TASK TO COMPLETE:
What you return should be the exact lines from the one with "Будика е име" to the end of the records below, both included, and no pictures.

[Dataset entries]
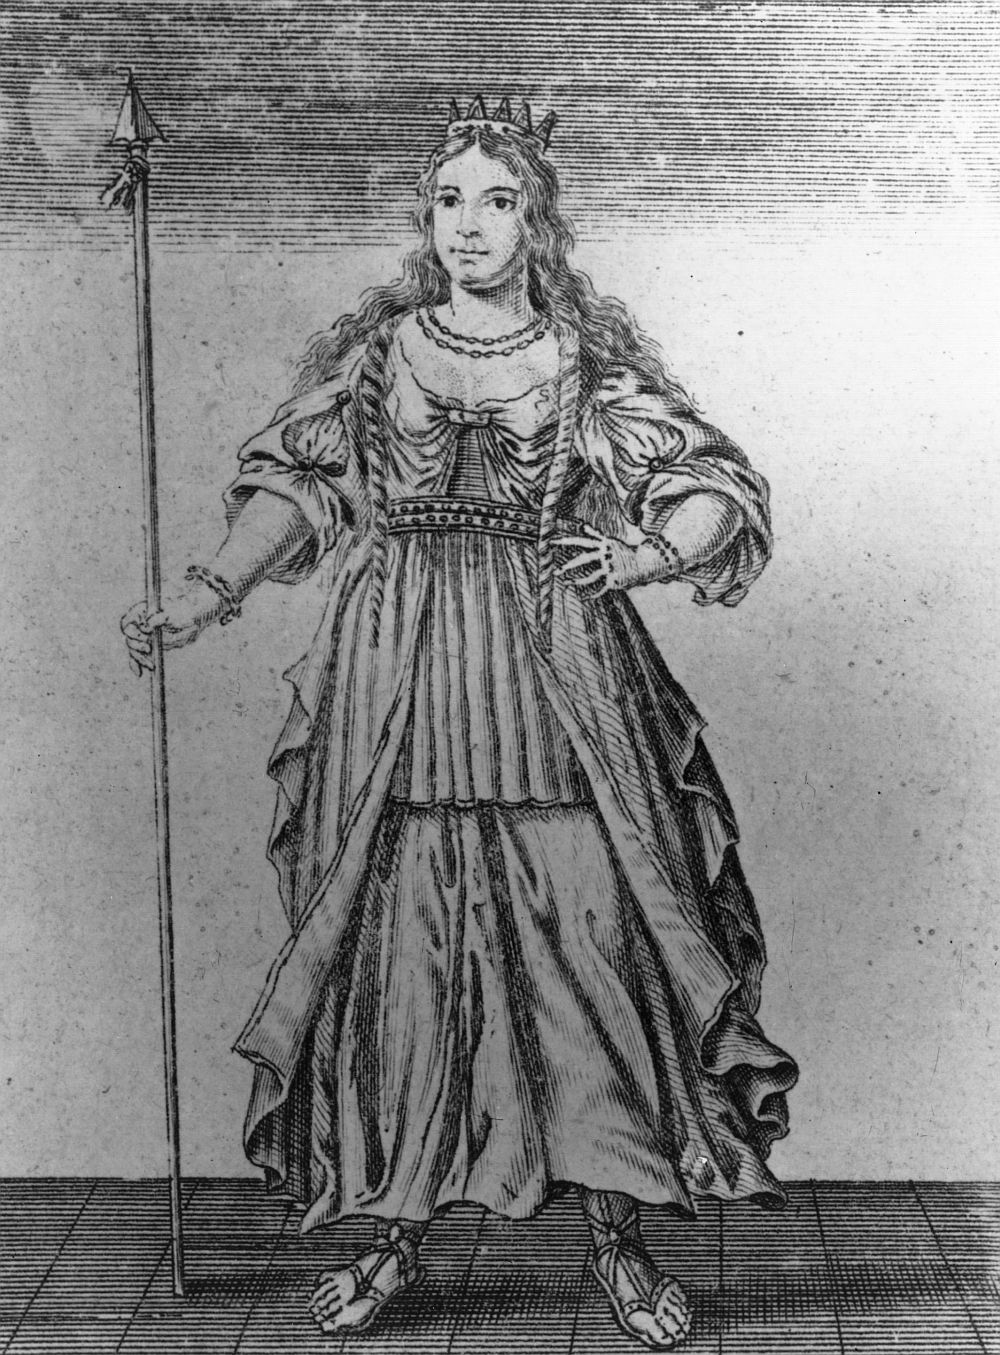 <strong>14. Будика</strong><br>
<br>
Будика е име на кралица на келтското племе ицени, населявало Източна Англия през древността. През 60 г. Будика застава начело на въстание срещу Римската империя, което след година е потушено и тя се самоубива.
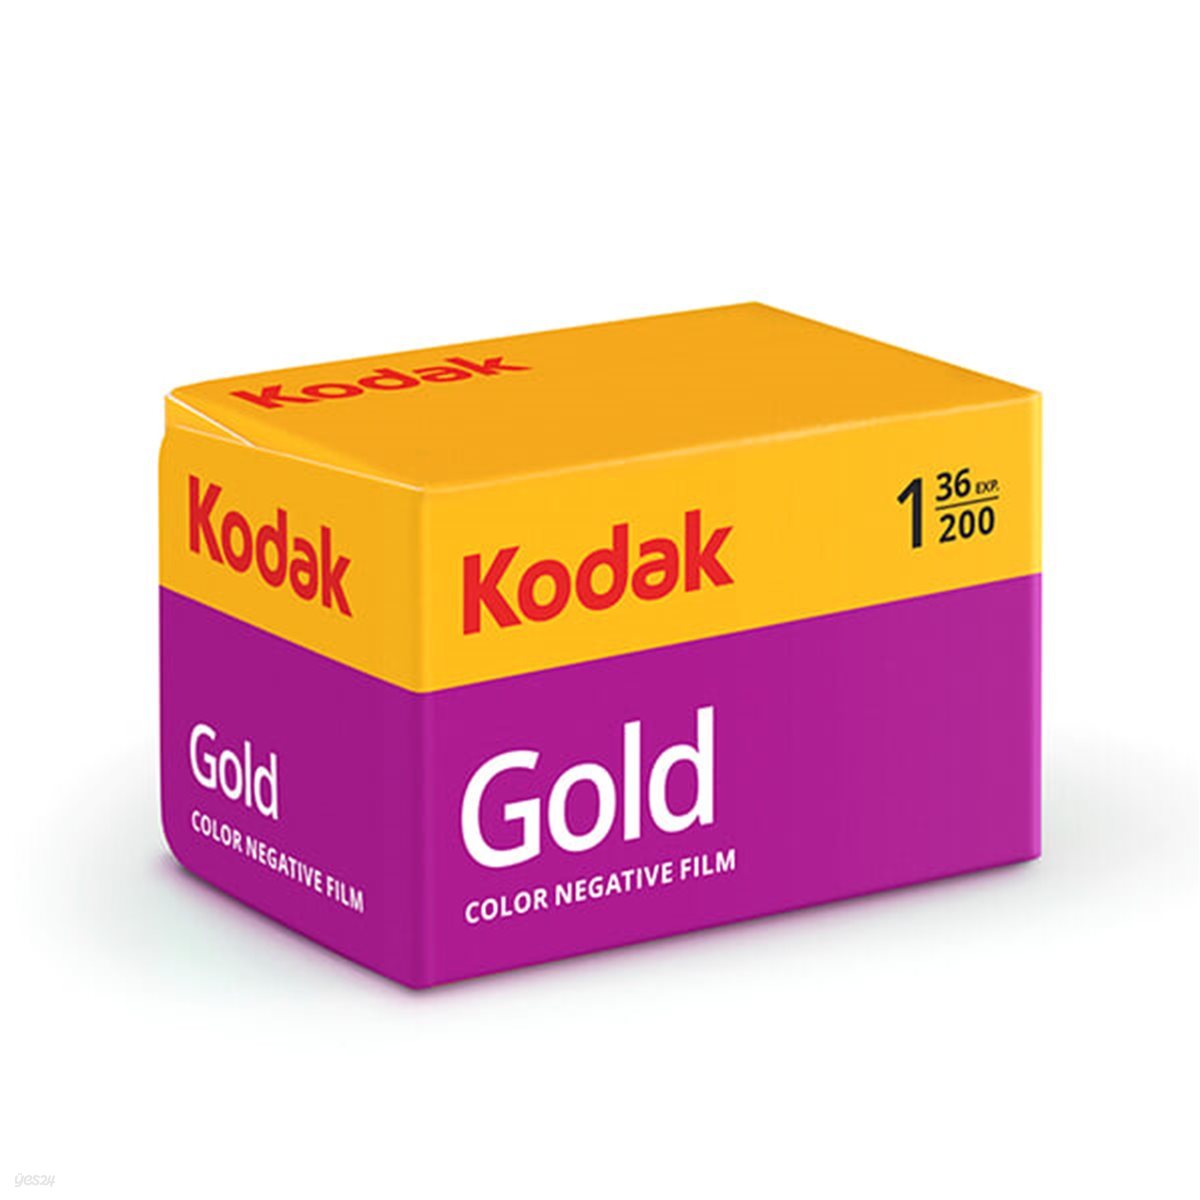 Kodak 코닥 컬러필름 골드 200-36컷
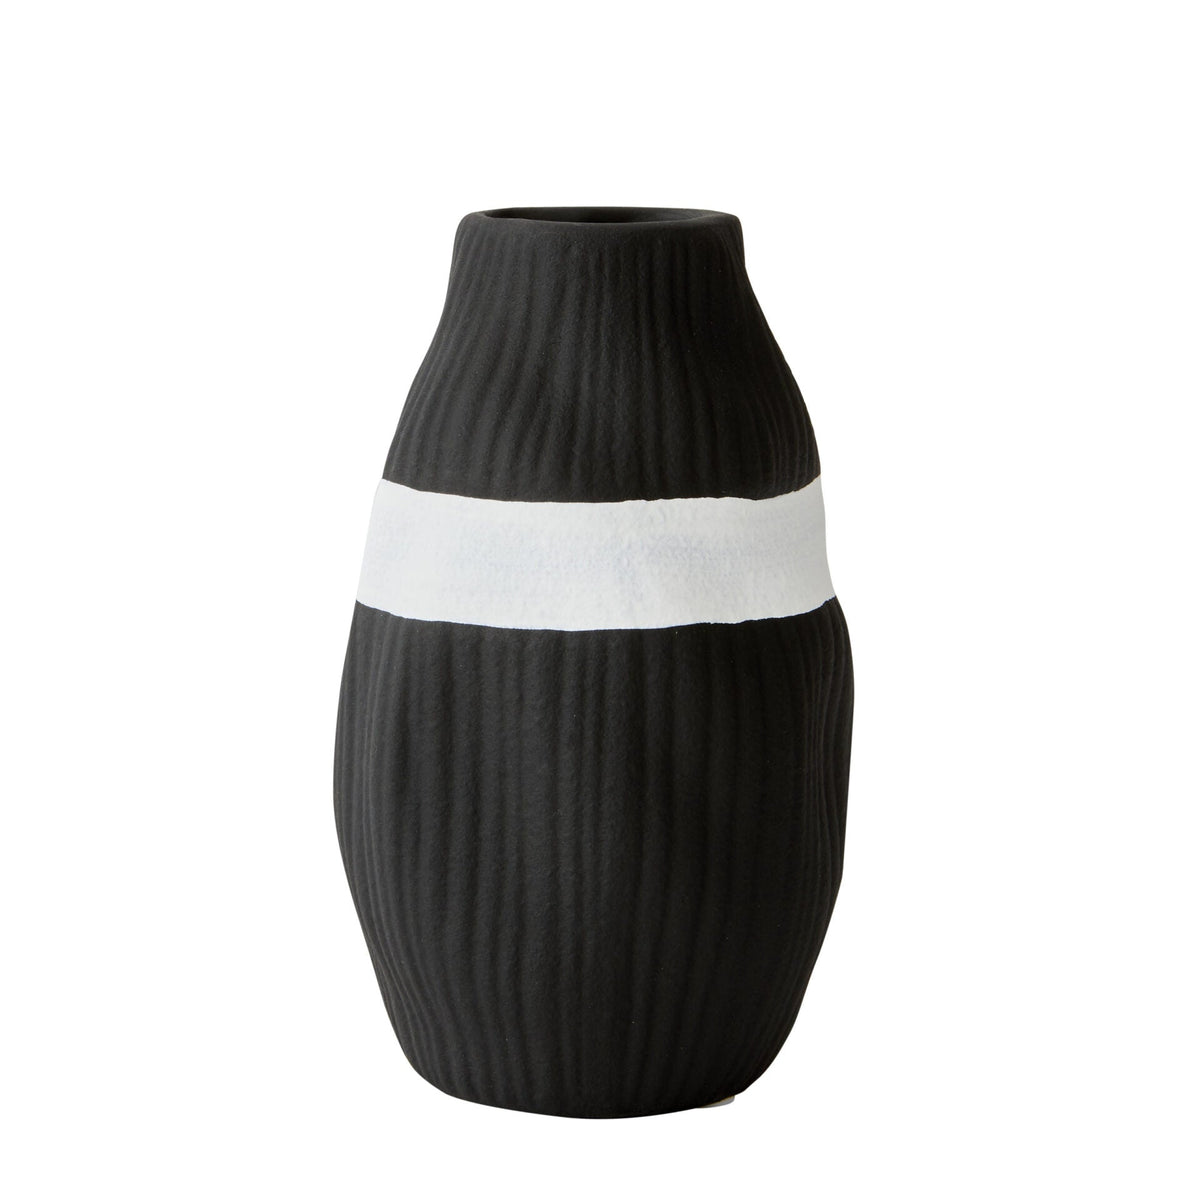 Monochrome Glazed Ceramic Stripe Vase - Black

SOLUTION:
Будика е име на кралица на келтското племе ицени, населявало Източна Англия през древността. През 60 г. Будика застава начело на въстание срещу Римската империя, което след година е потушено и тя се самоубива.
 Kodak 코닥 컬러필름 골드 200-36컷
 Monochrome Glazed Ceramic Stripe Vase - Black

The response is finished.